魔王は、長い人差し指を口元に持ってくる。
遠目でも分かる。
内緒、ね。
闇の中に消えた猫と魔王。
しばらくすると、闇は消え、先ほどの風景画に変わっていた。
わたしは持っていたポーチを落とし、車に駆け戻っていた。
佐藤さんの秘密を見てしまった日から、佐藤さんの送迎は、わたしの担当になっていた。
だれもいなくなった車内で、色呆け爺から魔王に戻る佐藤さん。
「あー、今日も面白かったなあ。
あの爺さん、わしがおやつ盗み食いしたことに気づいてなかったな」
フハハハ、と大笑いの佐藤さん。
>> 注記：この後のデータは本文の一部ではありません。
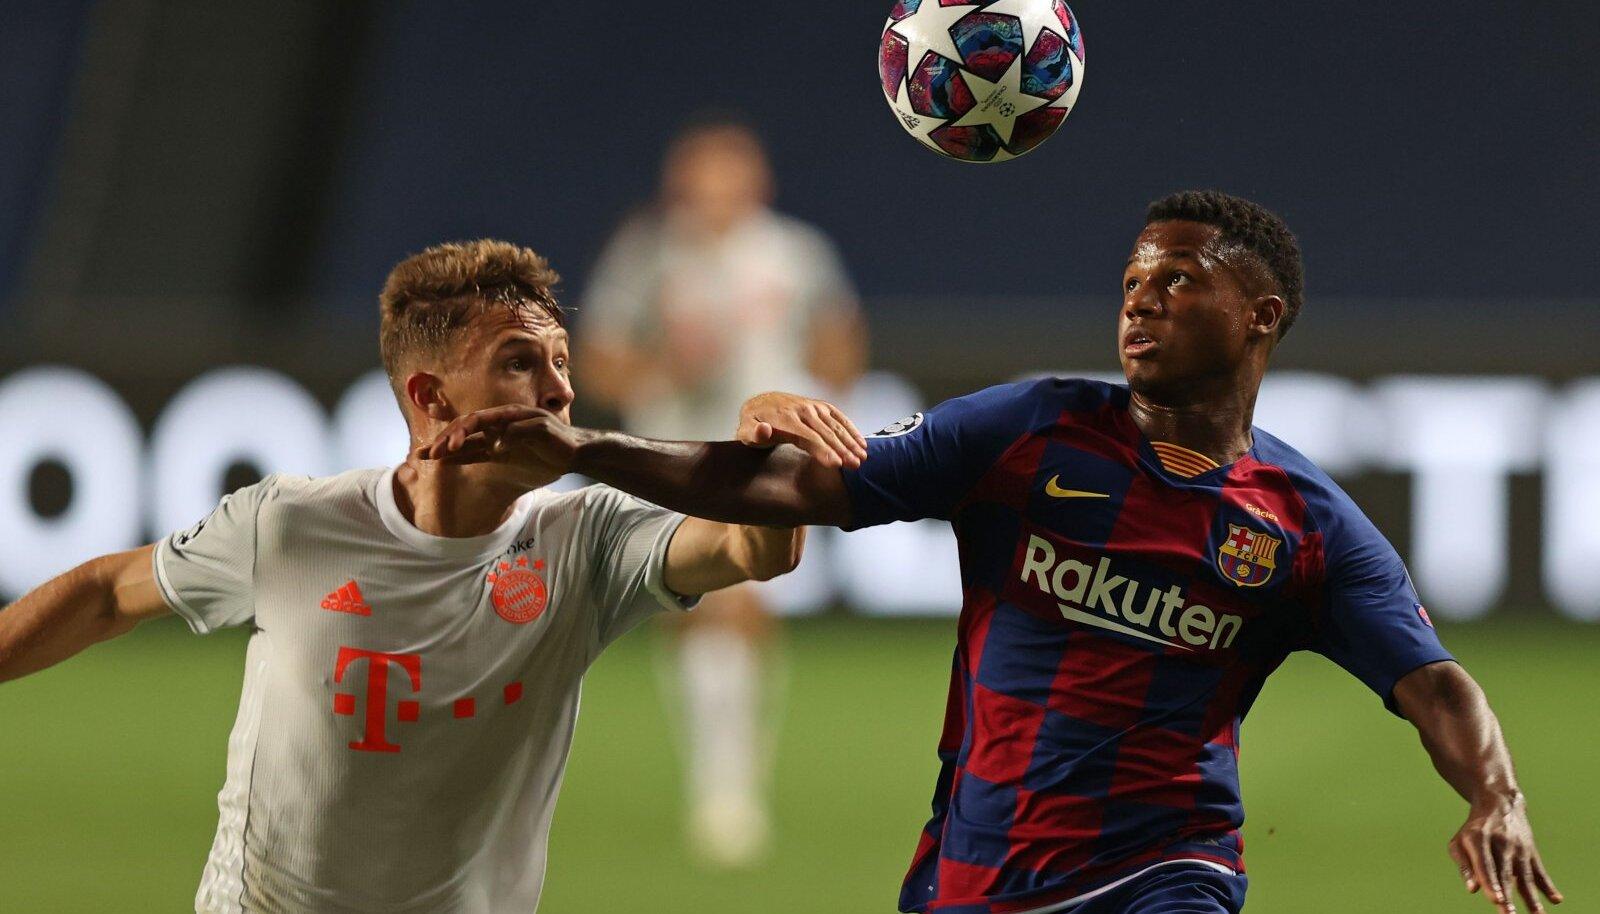 Лига Чемпионов 2019/20, ФК Барселона играет с ФК Бавария Мюнхен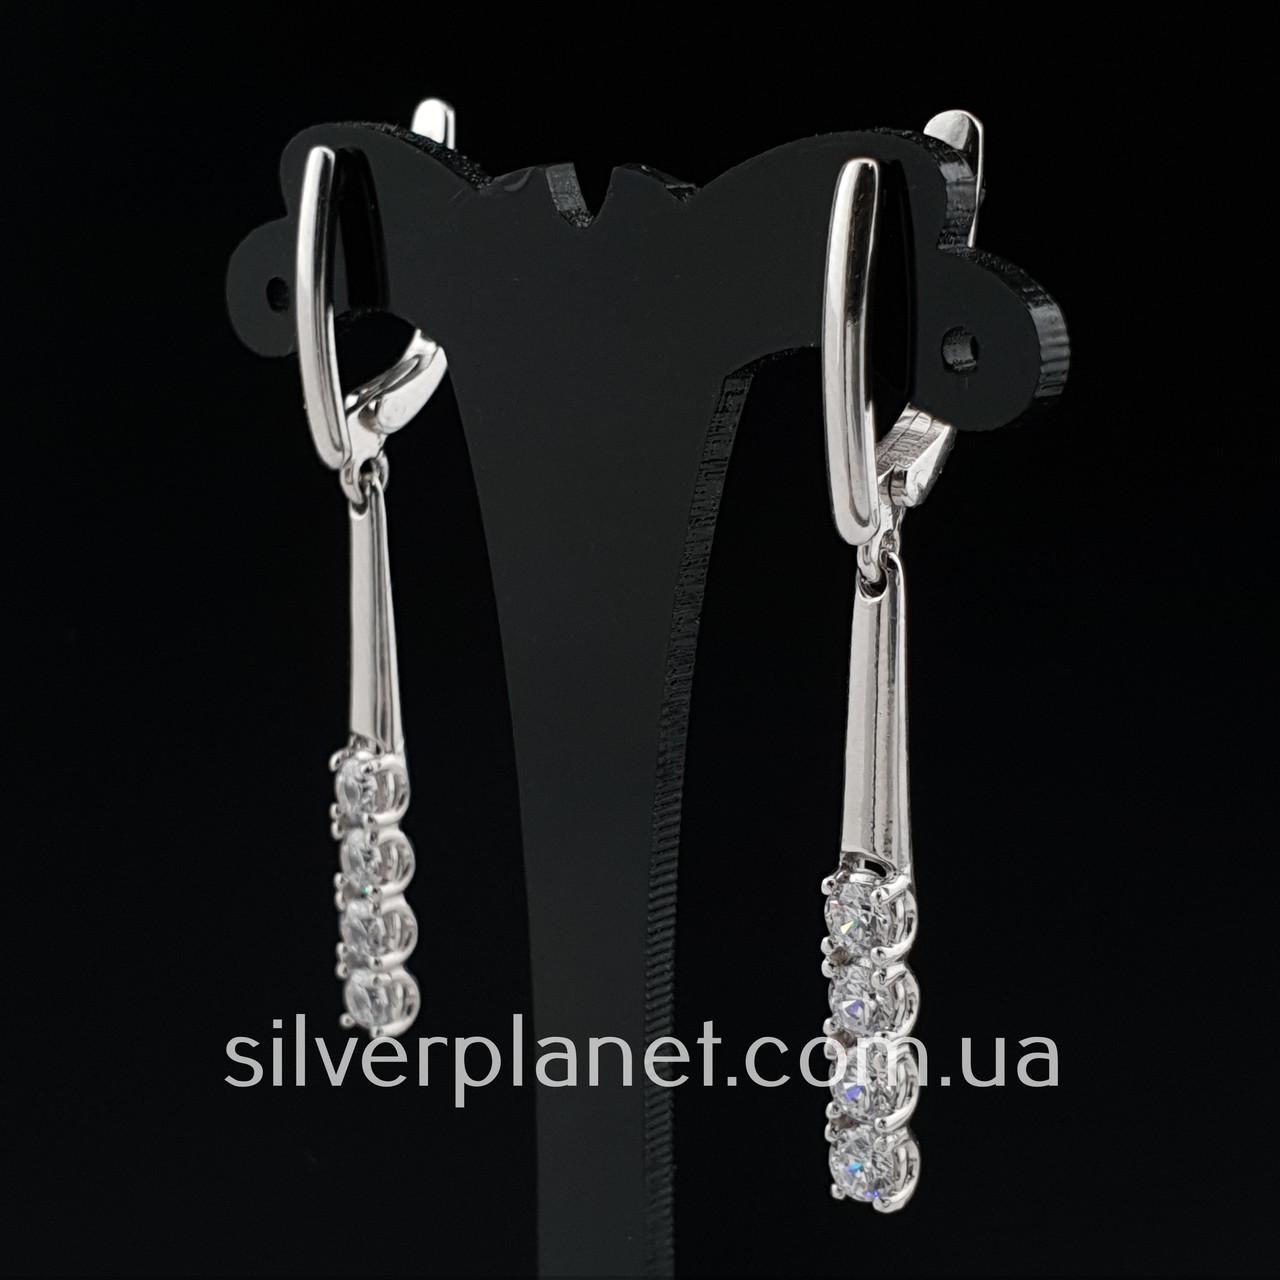 Стильні срібні сережки підвіски з камінням фіанітами родовані. Кульчики срібні висюльки з цирконієм

もとい魔王。
「え、中村さんのおやつ食べちゃったんですか?!」
おやつの時間、おやつを食べていないと訴えていた中村さん。
職員がおやつを配り、口に運ぶまでをちゃんと確認している。
少々記憶の怪しい中村さんに “ちゃんと食べたでしょ” と声をかける職員を見ていた。
だが、まさか。
口に入れる直前に魔力でおやつを盗んでいたとは!
「次やったら、出禁にしますよ」
魔王に釘をさす。
「それは困るな。次は善処しよう」
うむ、と頷く姿に反省の色はなかった。
魔王曰く、デイサービスは、食事とおやつが出て、入浴ありのマッサージあり。若いお姉ちゃんお兄ちゃん触り放題。ジジババの人間ドラマが間近で見れる娯楽たっぷりの場所、だそう。
勘弁してよ。
わたしは佐藤さんをご自宅に送り届けると、空を見上げた。
今日は朝から激しい雨だったのに。
この家の周りは、キラキラと晴れていた。